Every tech company aspires to reach the status that Google has achieved with myself and millions others: being an indispensable, practically inevitable part of everyday online life. Amazon and Facebook have come closest to replicating Google’s success, albeit taking markedly different approaches to how they make themselves essential, and Apple also deserves recognition for winning users over with the consistently high-quality integration of its hardware, software, and services.

Google’s popularity is built on a foundation of quality and ubiquity

But still, Google is the one. Google is the company whose apps we all rely on in some form or at some time. Even if you use Bing to search the web on Firefox, and you ignore Google Photos, Gmail, and Drive for Flickr, Yahoo Mail, and Dropbox, eventually someone will send you a YouTube clip, you’ll find the channel interesting enough to subscribe to, and you’ll be ensnared in Google’s incredibly wide net on the web.

The thing that keeps Google relevant is a mix of the ubiquity and quality of its services. Where other companies have sought to keep users walled in, Google has pursued a strategy of being everywhere so that it no longer matters where its users are. It’s the same approach that Microsoft is now taking with its Office suite and various other online services, but it was Google that pioneered and perfected it.

The device that defines our age will be an iPhone running Google services

When I think about the device that will define our generation’s technology and the smartphone revolution, I picture an iPhone running Google services. The first time I understood the transformative power of smartphones was when a friend handed me his iPhone 3GS and I explored Google Maps on it. Perfect smoothness from Apple, incredibly useful information from Google. That’s been the core around which all of the past seven years of mobile development have been built. Even today, the first thing I do with a new iPhone is load it full of Google apps. Some of them, things like Google Translate and Google Keep, never get their due credit and attention, but they once again make my life better and Google’s position as everyone’s best online friend so much more secure. It may seem weird that Google is fixing iPhone users’ problems, but Google probably sees them as Google users who simply happen to be on iPhones.

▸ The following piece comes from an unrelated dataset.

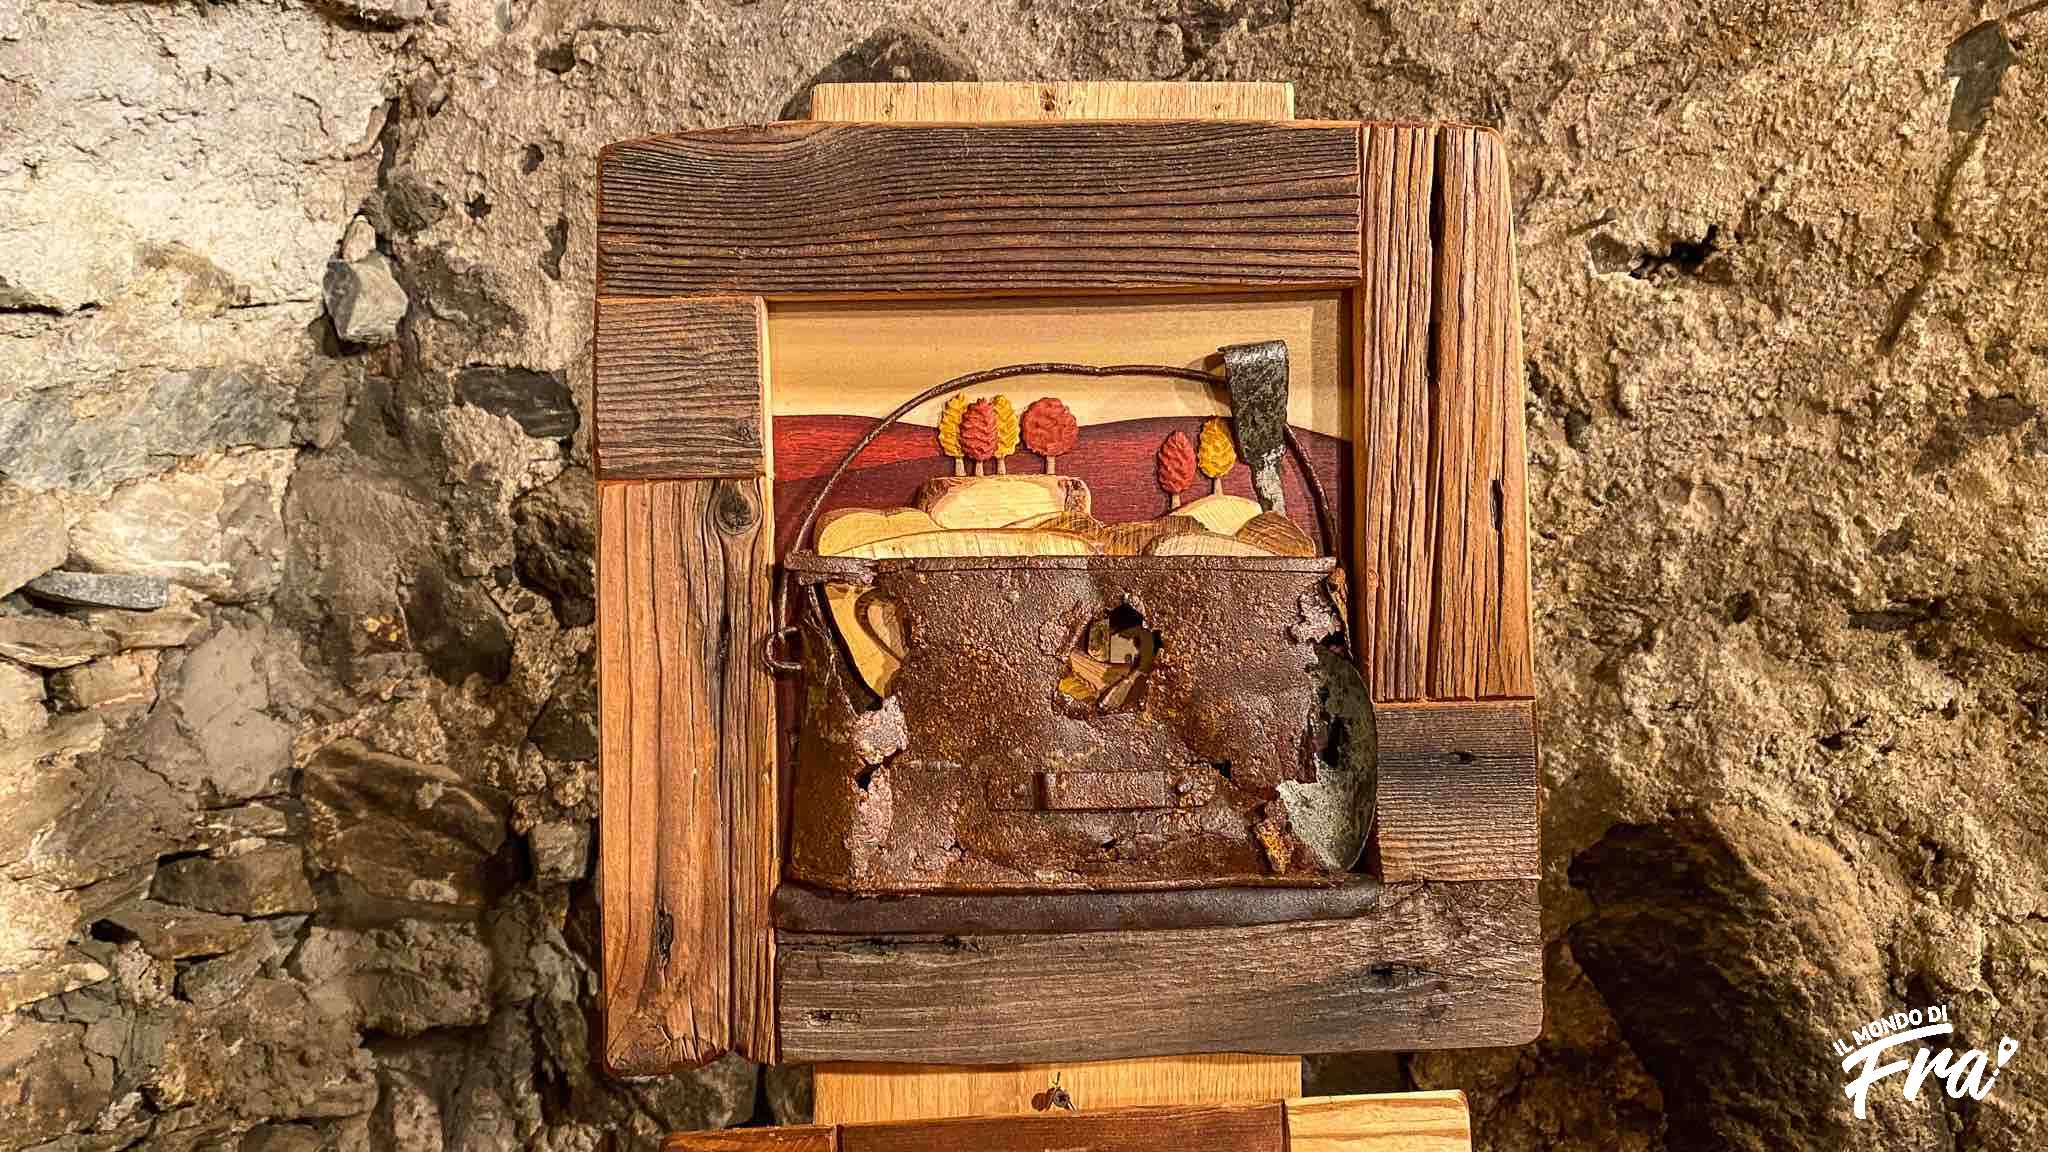 Bienno (BS)
Le opere in legno della Grande Guerra di Mario Favaro

Maybe I’m being a little sentimental on account of it being Google’s birthday today. But I figure that sometimes it’s alright to just gush about the good stuff. Am I forgetting Google Buzz, Google Wave, Google Plus, and this summer’s spectacularly pointless Google Spaces? Not at all. I’ve seen Google make many mistakes, and I remain displeased with its continual tax dodging in Europe, a practice common among tech giants, but still unworthy of their stature and otherwise good repute. And yes, Google’s relationship with its users’ privacy tends to be rather a tense affair.

Google is the company with real courage

In spite of its failures and imperfections, I think Google is a force for good in this world. Beyond the practical benefits of its online apps and services, this company has been responsible for some of the wildest, most imaginative research projects in tech. Many of those moonshots have now been decoupled into parent company Alphabet, but Google did take a big chance with its Google Glass smart glasses in 2013, which were basically the fevered geek dream of its founders (and many tech fans around the world). That took a great deal more courage and conviction than Apple’s overblown headphone jack removal. I like that the world has companies willing to invest (and sometimes fail) in their vision of the future, and Google has always been a leader in that respect, with such efforts as Google Fiber, Project Loon, and Project SkyBender.

For me, Google has made navigating the web easier and more pleasant. It’s made exploring foreign cities feel far less daunting. It’s facilitated instant online collaboration with my colleagues. It’s kept me sane while switching between dozens of review devices every year. And it’s done it all for free. With a little bit of effort, I can secure my privacy too, and so long as I remember to diversify by using alternative services like Dropbox, Telegram, and Tidal for at least some of my online needs, I feel pretty comfortable in my close and cozy relationship with Google. I live in a very Googly version of the internet and I'm happier for it.